When Dr. Gotasche and Dr. Johansen sorted out the studies and the
contributions made by the various drugs, they concluded that
fluconazole was actually no more effective than amphotericin B.

When they tried to ask the authors about the design of the studies,
some ignored the requests, and others said they no longer had the
data. Pfizer, contacted by The Journal of the American Medical
Association, declined comment.

In a telephone interview, a spokeswoman for Pfizer, Mariann Caprino,
said she did not have the data on the individual studies and could not
explain the reasoning behind them.

Dr. Bert Spilker, senior vice president for scientific and regulatory
affairs at PhRMA, a trade group for drug manufacturers, said: "We
don't have a perfect situation. It probably can be improved."
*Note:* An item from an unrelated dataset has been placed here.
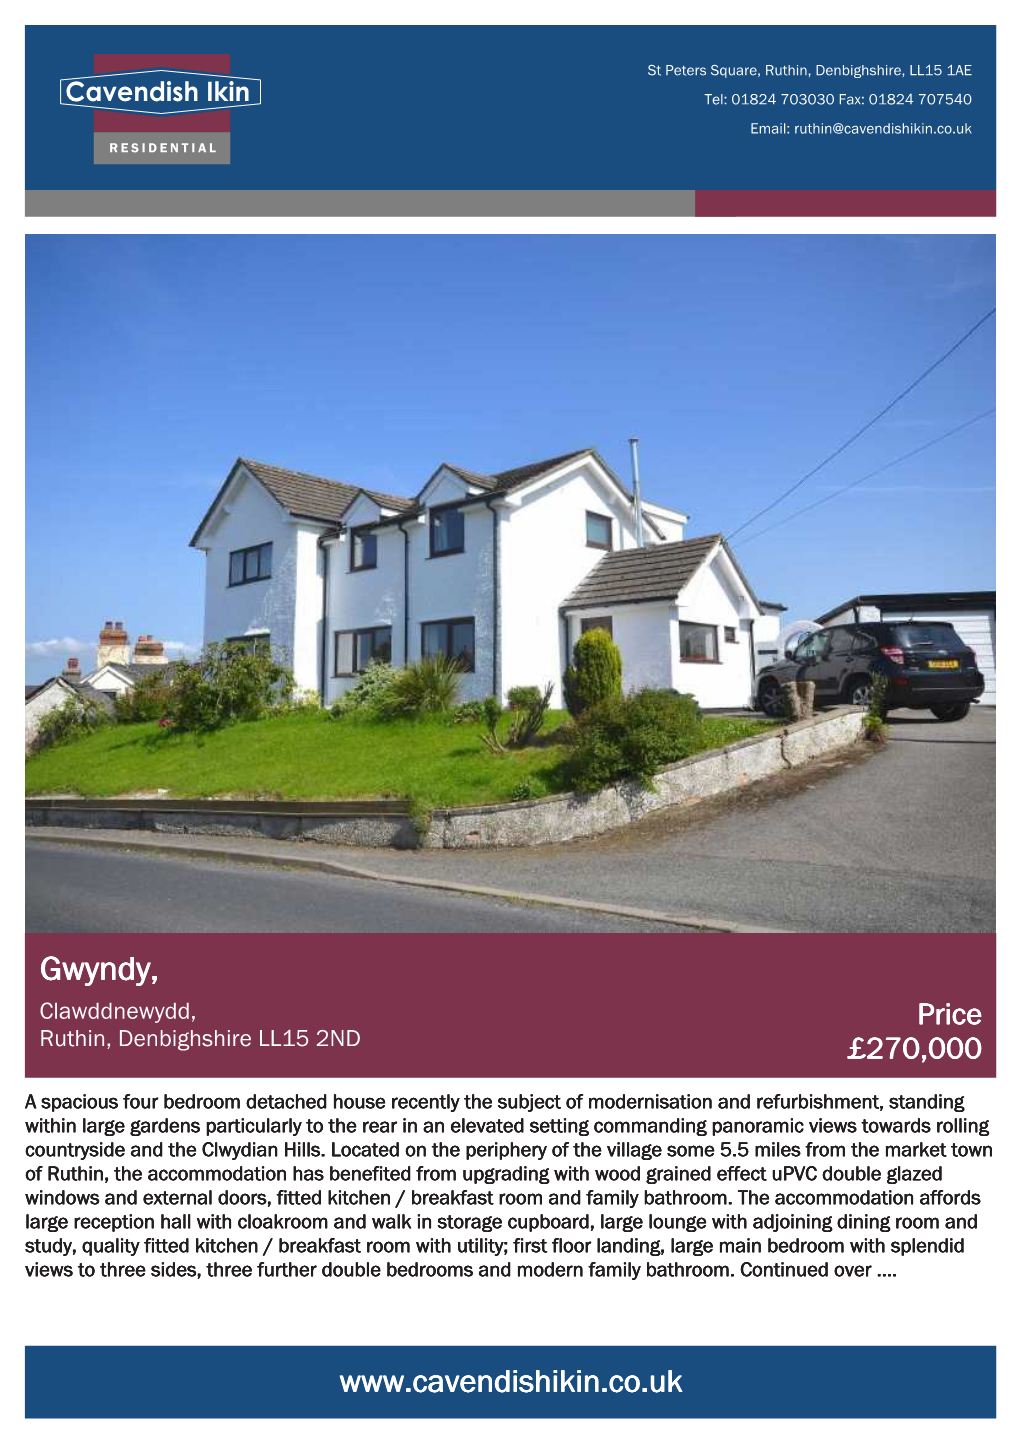 Gwyndy, Clawddnewydd, Price Ruthin, Denbighshire LL15 2ND £270,000
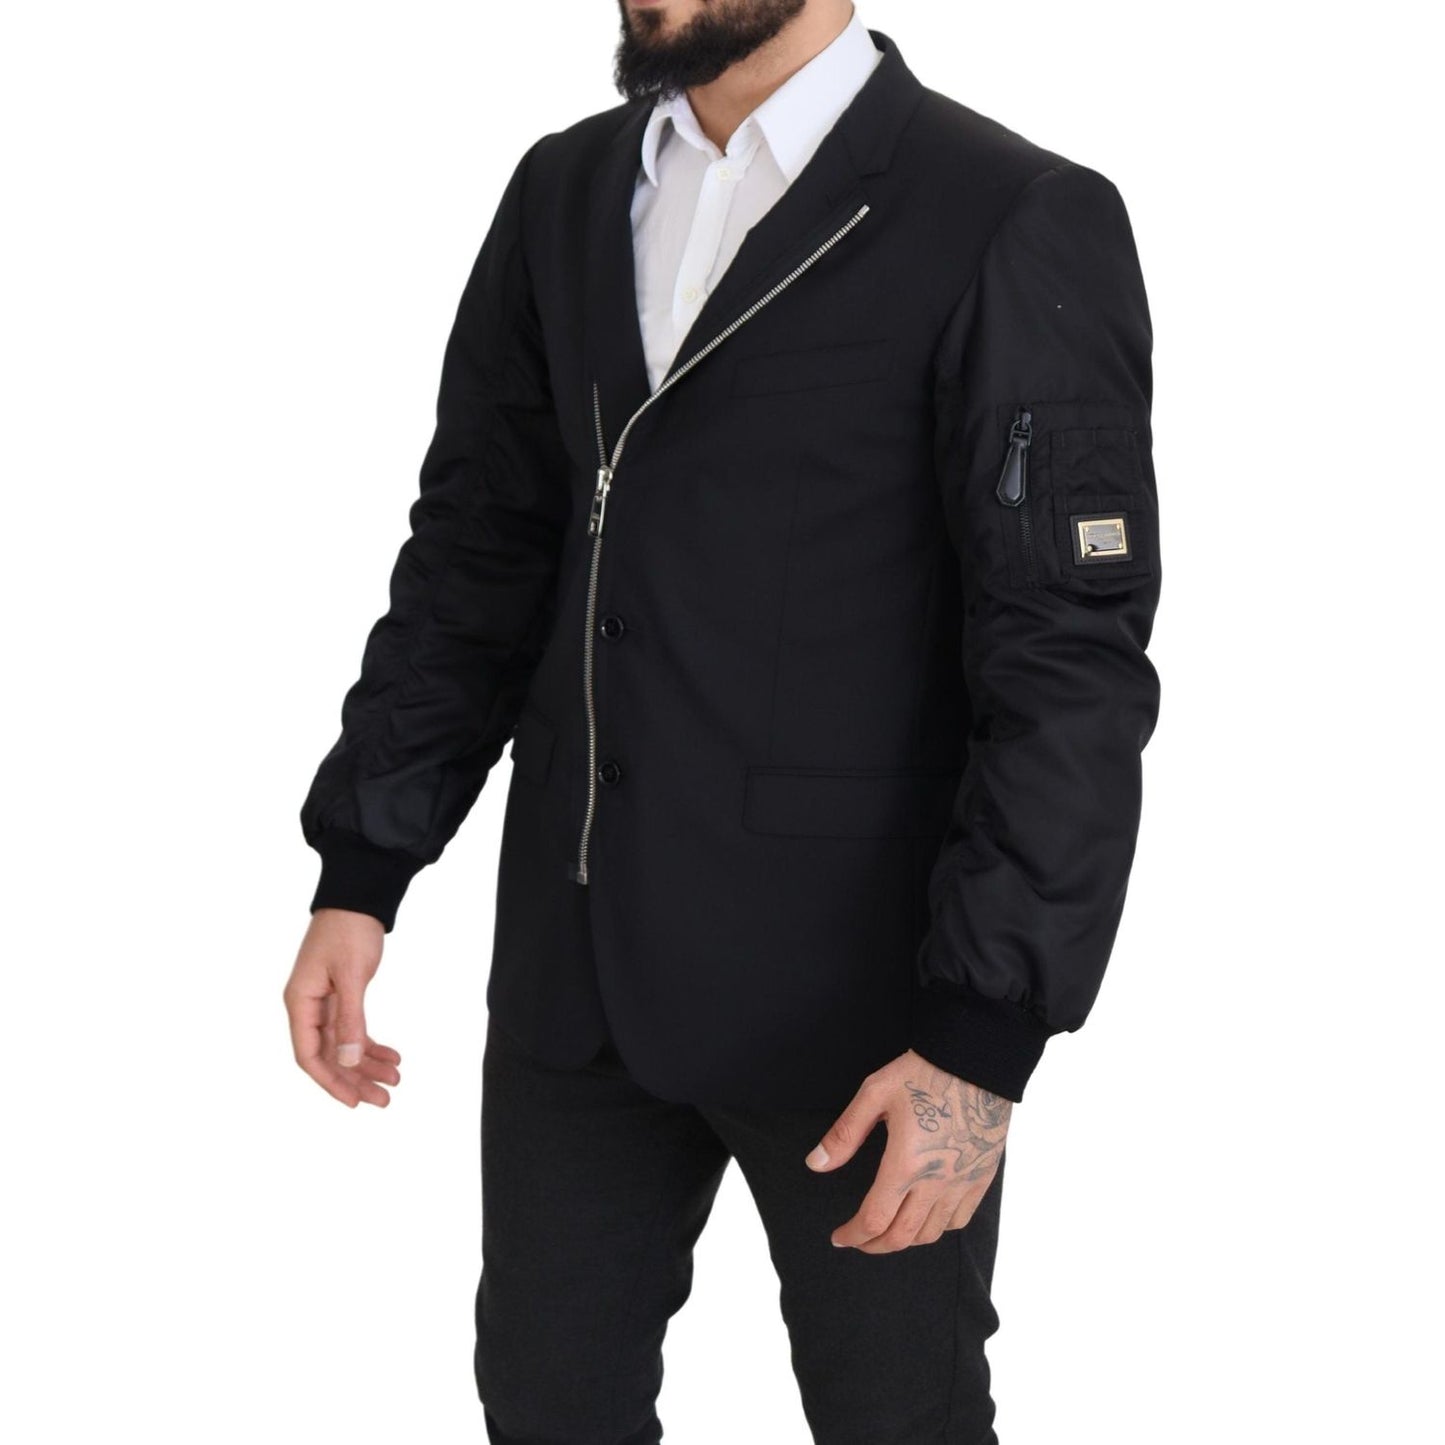 Dolce & Gabbana Elegant Black Virgin Wool Jacket black-wool-full-zip-long-sleeves-jacket

He suggested that medical journals require authors to disclose
formally whether their papers had been published elsewhere in any
form, and to include that declaration in the published report. In
addition, he said, the institutional review boards that approve
studies at the hospitals where they are conducted should evaluate them
more closely to make sure that they are designed properly.

The best solution to publication bias, many researchers and journal
editors say, is to require that all studies be logged into a central
registry when they begin. That way, scientists can track them.

Dr. Rennie said, "You can call the investigators up and say, 'Whatever
happened to that study you began?' and they might say, 'It was a
disaster.' And then you can ask, 'Why didn't you publish it?"'

Some drug companies have begun to register their trials, but others
resist, partly for fear of revealing information that their
competitors might use.

"They have proprietary interests, which I respect," Dr. Dickersin
said. "But there is a larger interest here of society as a whole."